Repeat the lines from the one containing "USS Cape St. George - Stock Image" through the last line of the data, exactly, pictures omitted.

(Records excerpted from a collection)
• • • • • • •

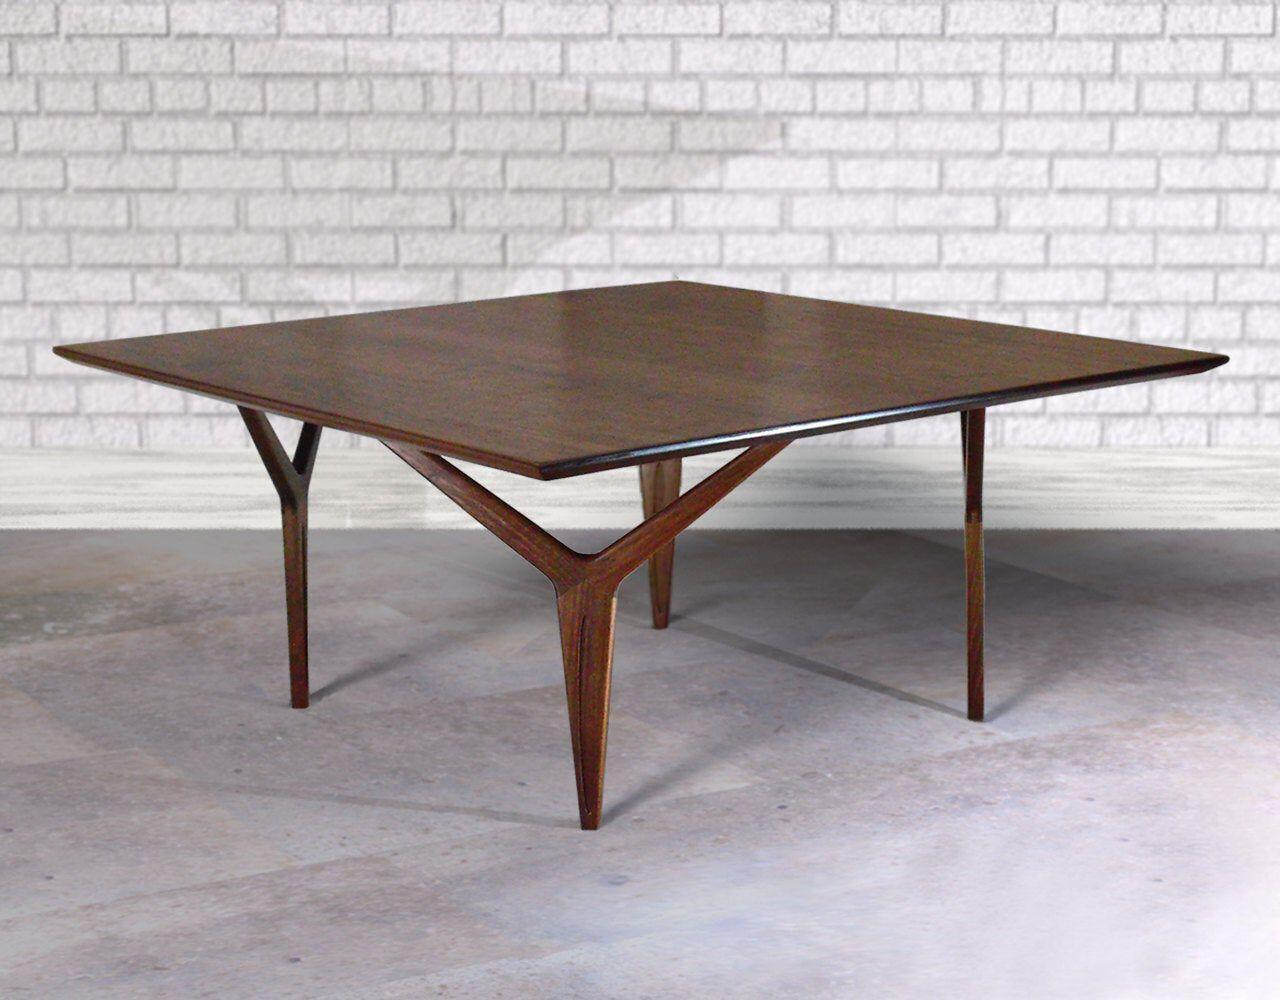 Walnut Coffee Table Modern Wishbone Leg Design Mid Century Danish Design Influence Walnut Coffee Table Modern Walnut Coffee Table Large Square Coffee Table [ 1000 x 1280 Pixel ]
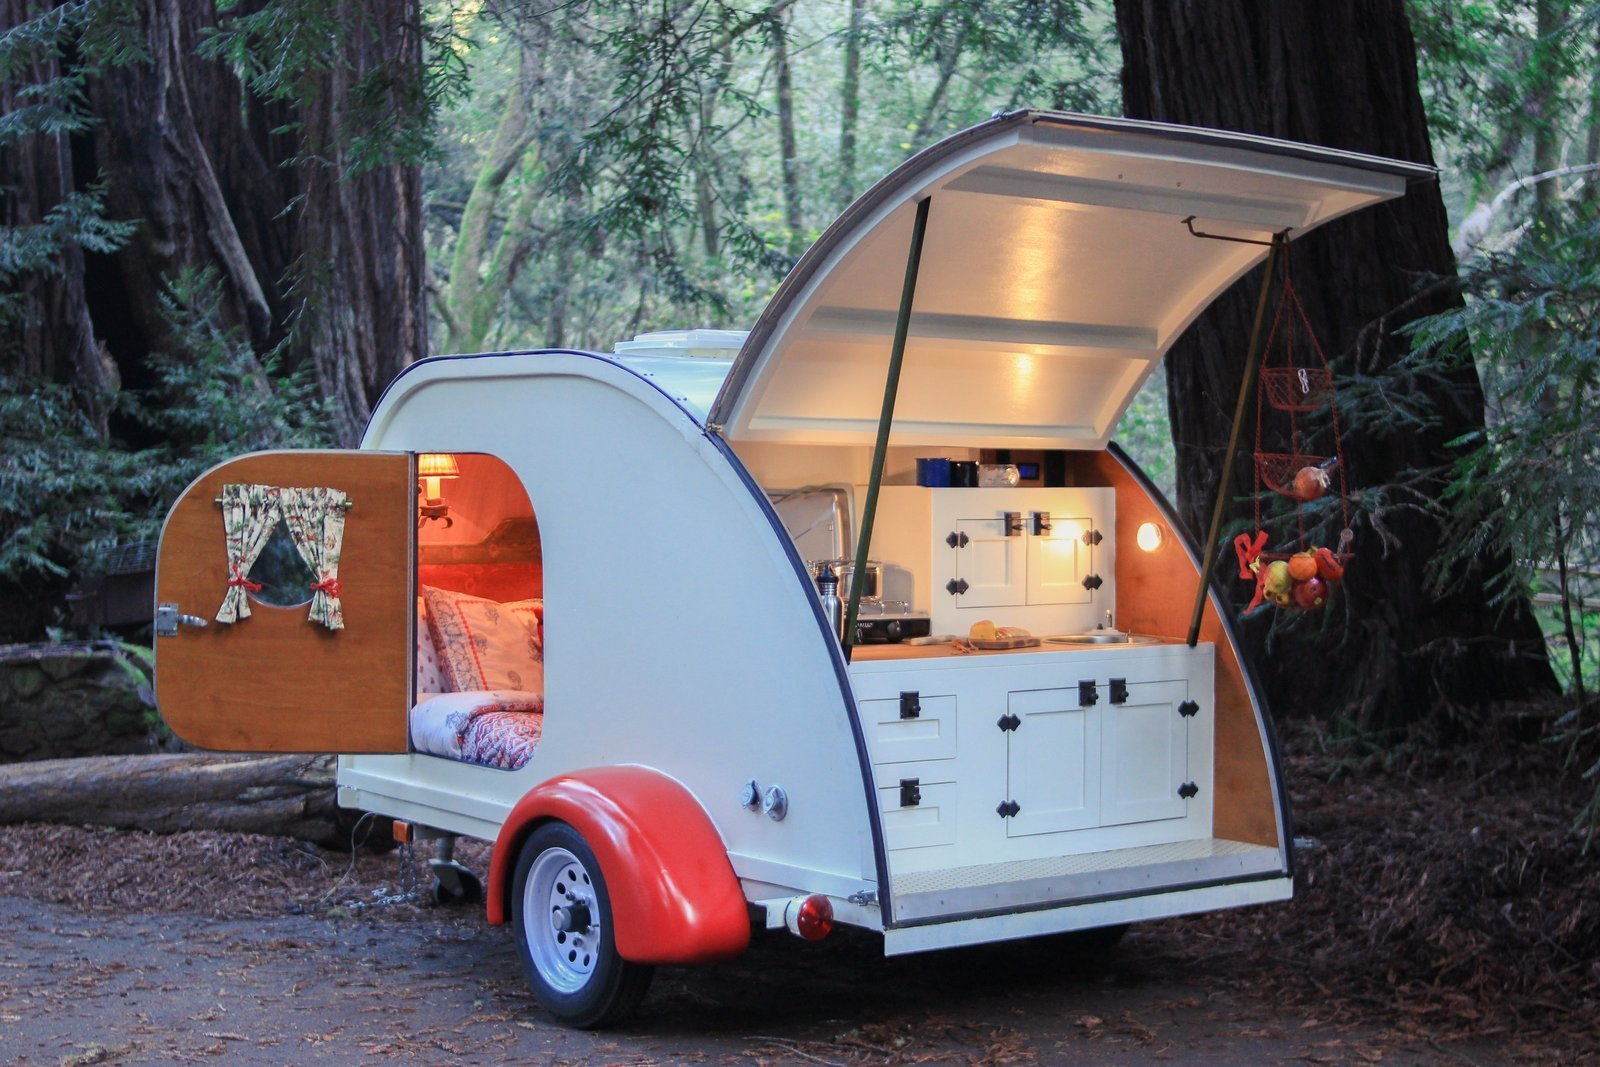 A teardrop trailer from teardrop trailer rental company Camp Weathered.
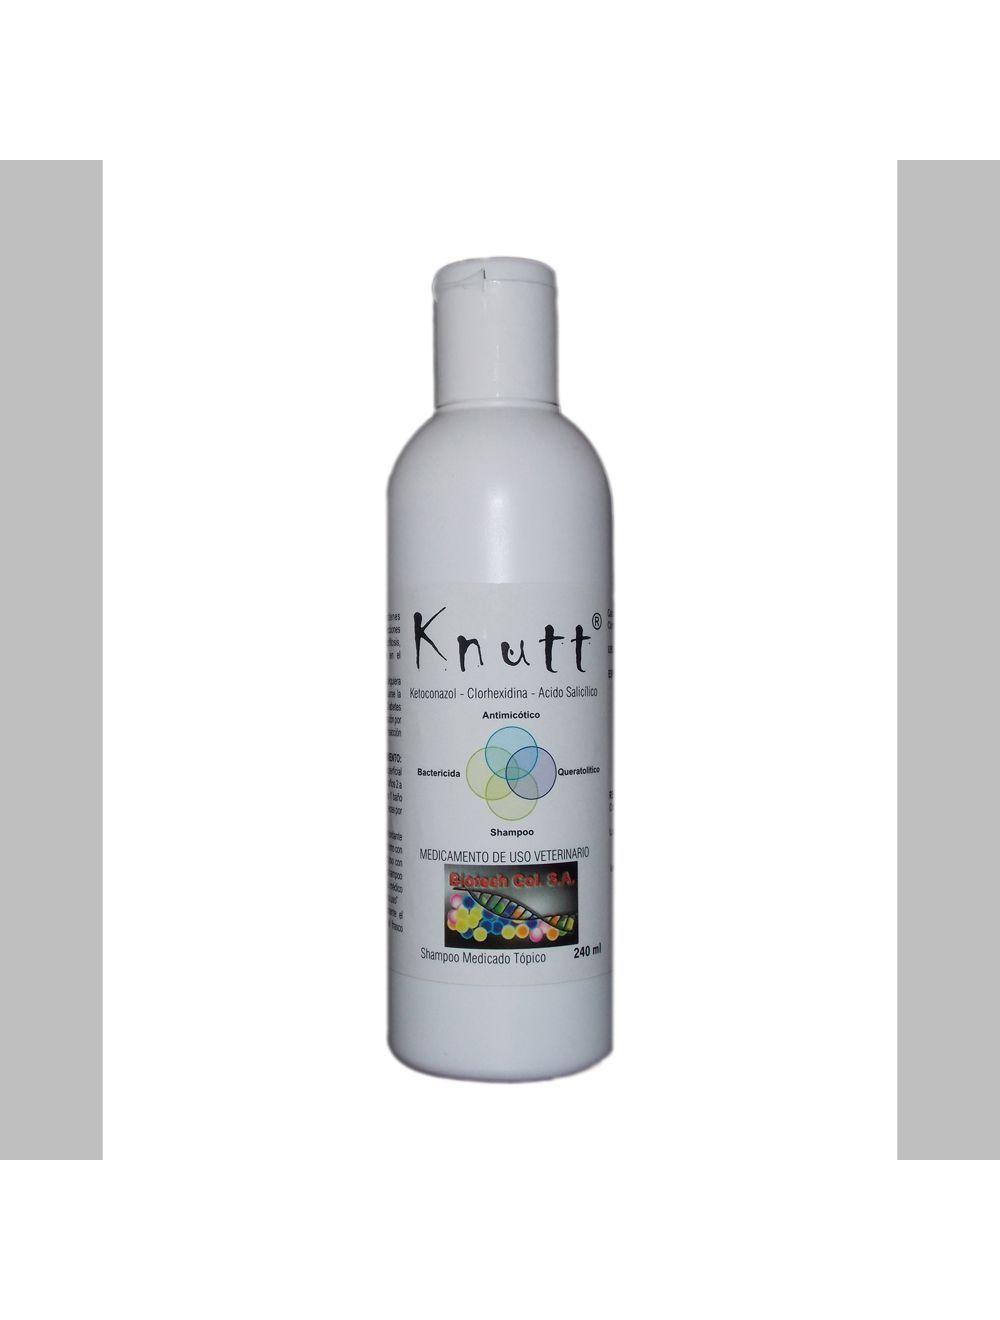 Knutt Shampoo Medicado Tri conjugado 240 Ml
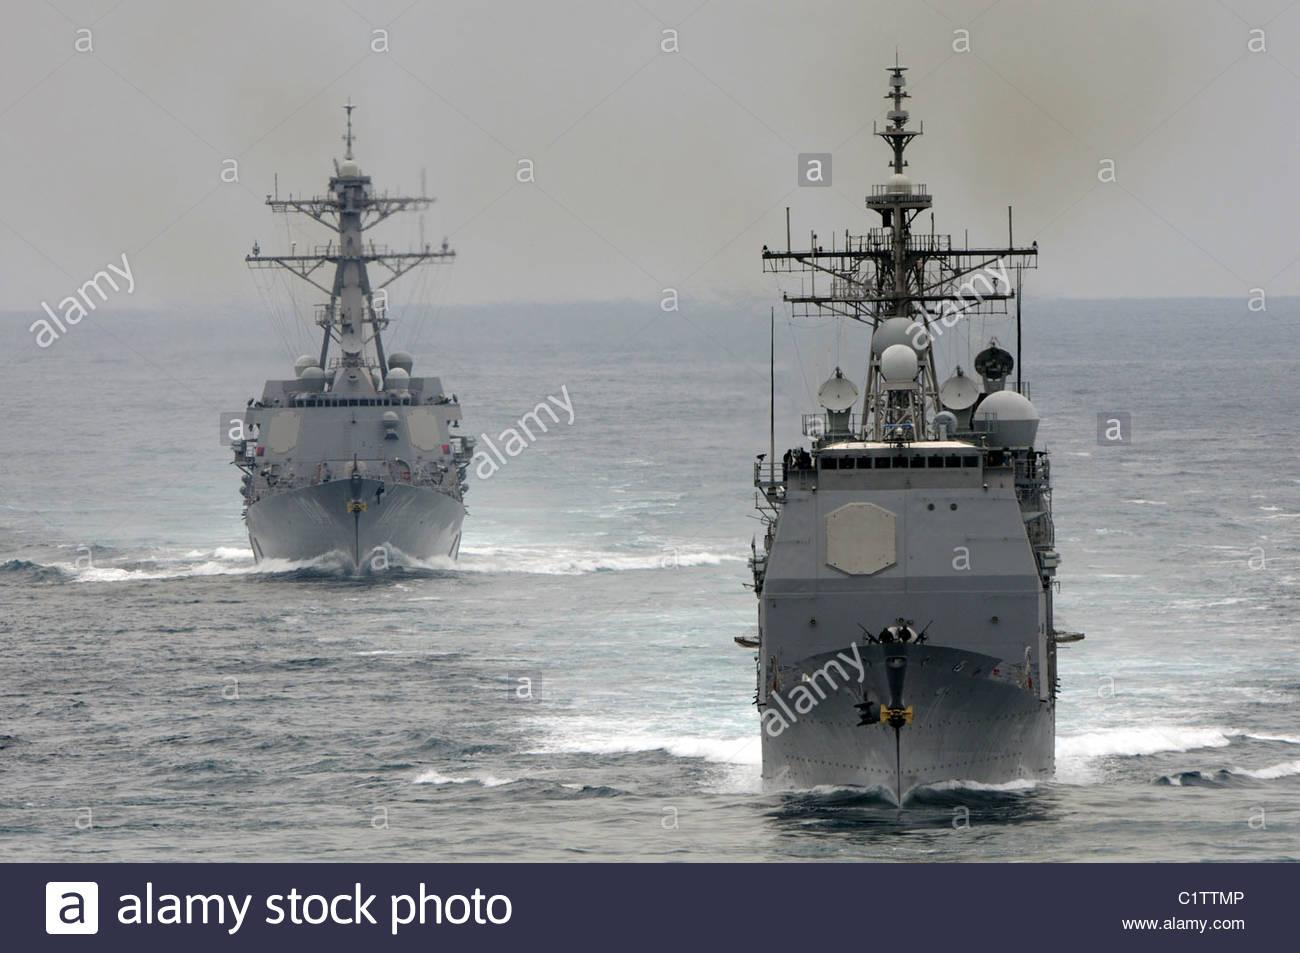 USS Cape St. George - Stock Image
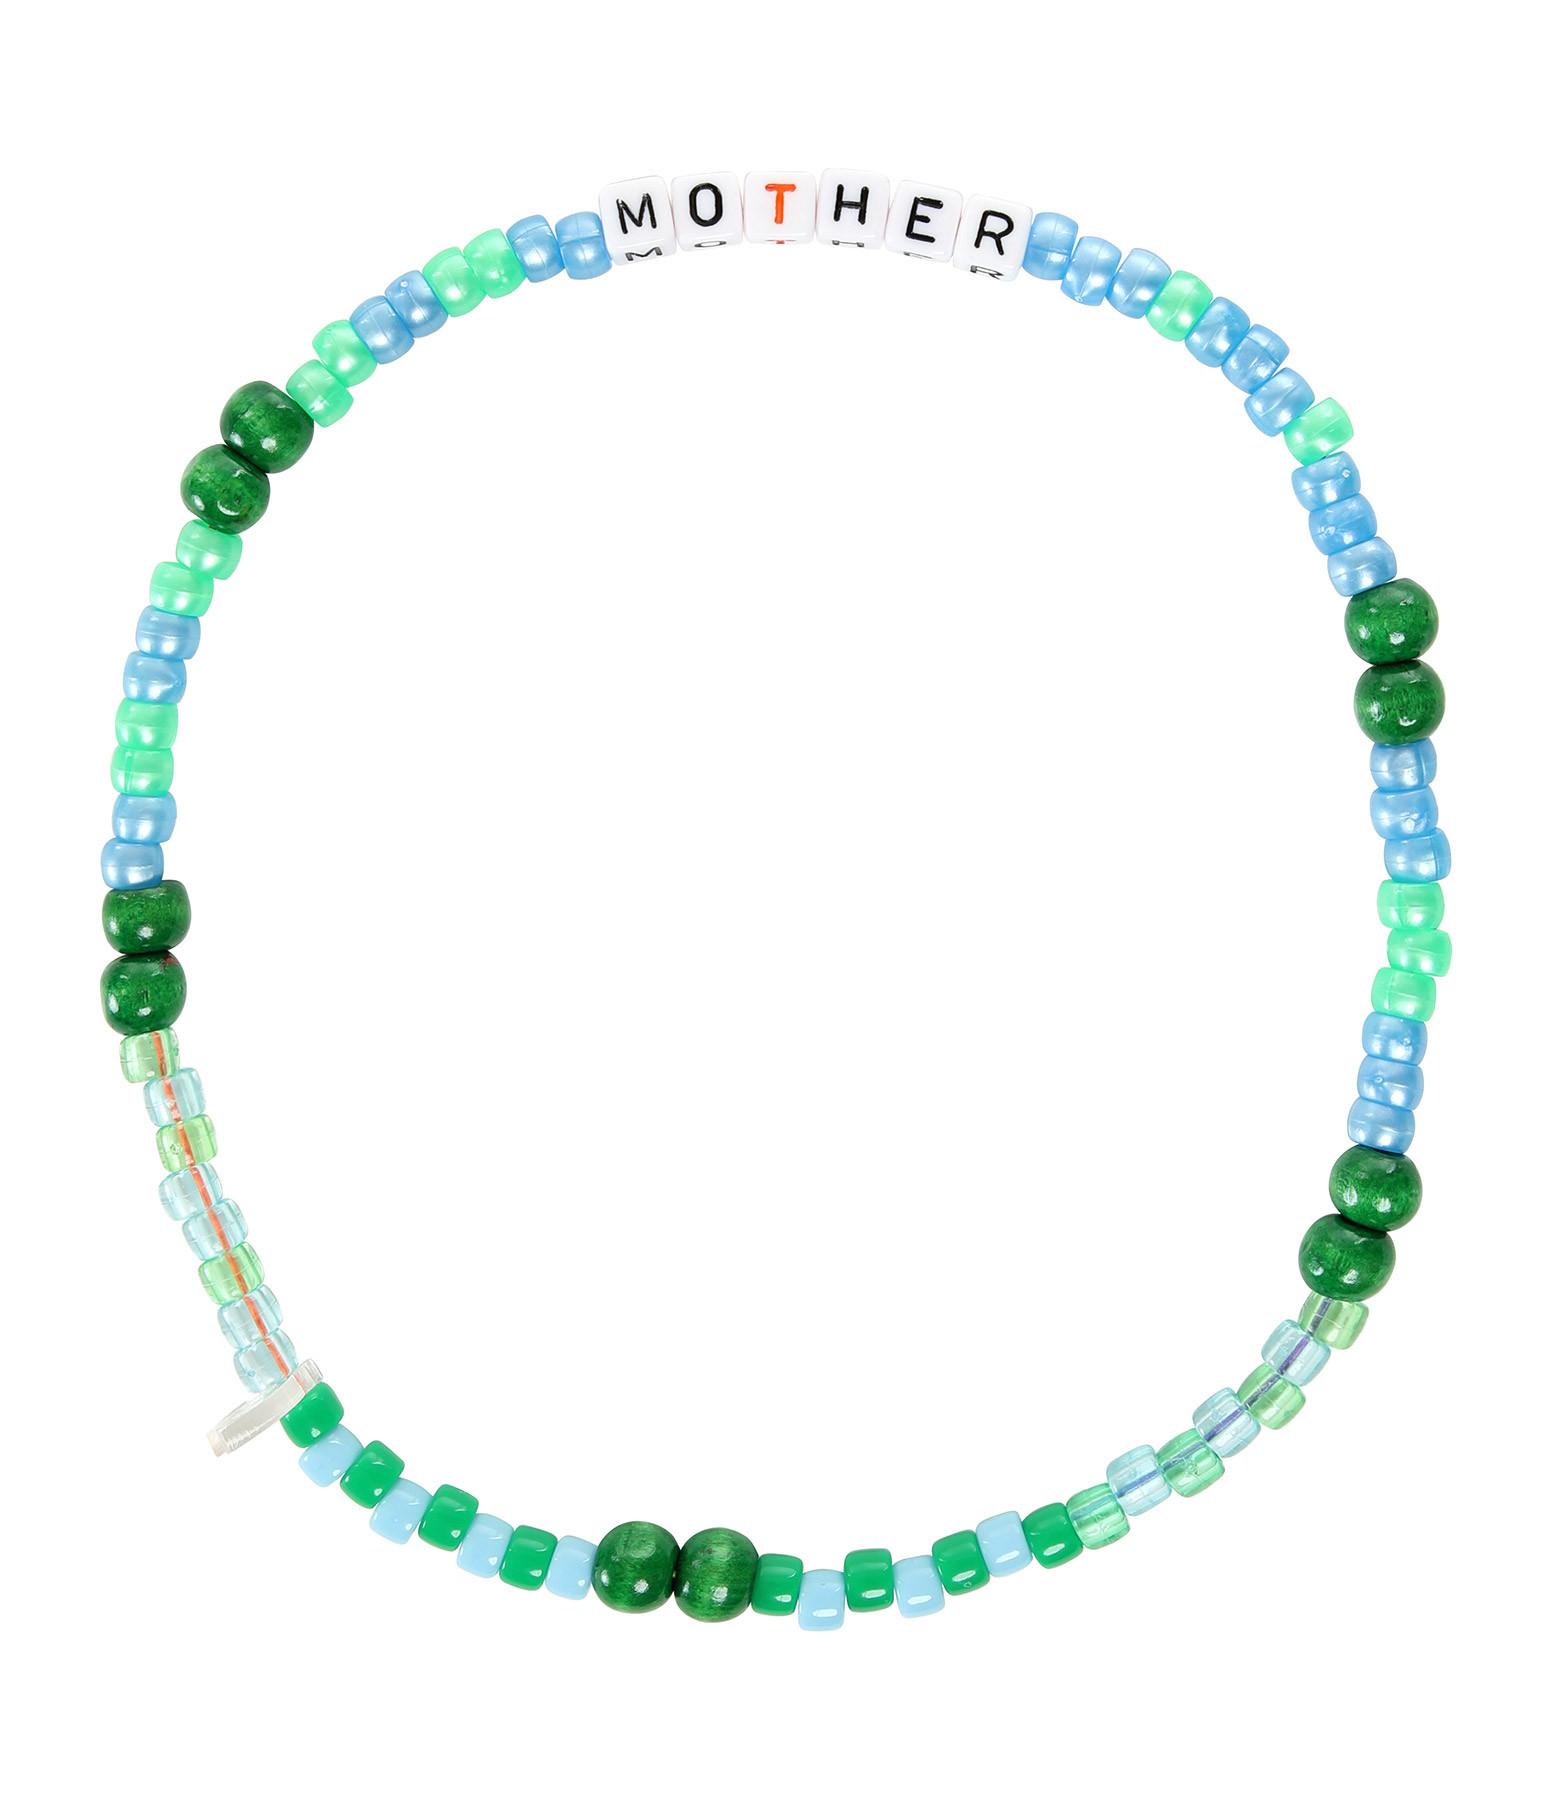 LAUREN RUBINSKI - Collier Love Beads MOTHER

• • • • • • •

**SOLUTION BELOW:**
 USS Cape St. George - Stock Image
 LAUREN RUBINSKI - Collier Love Beads MOTHER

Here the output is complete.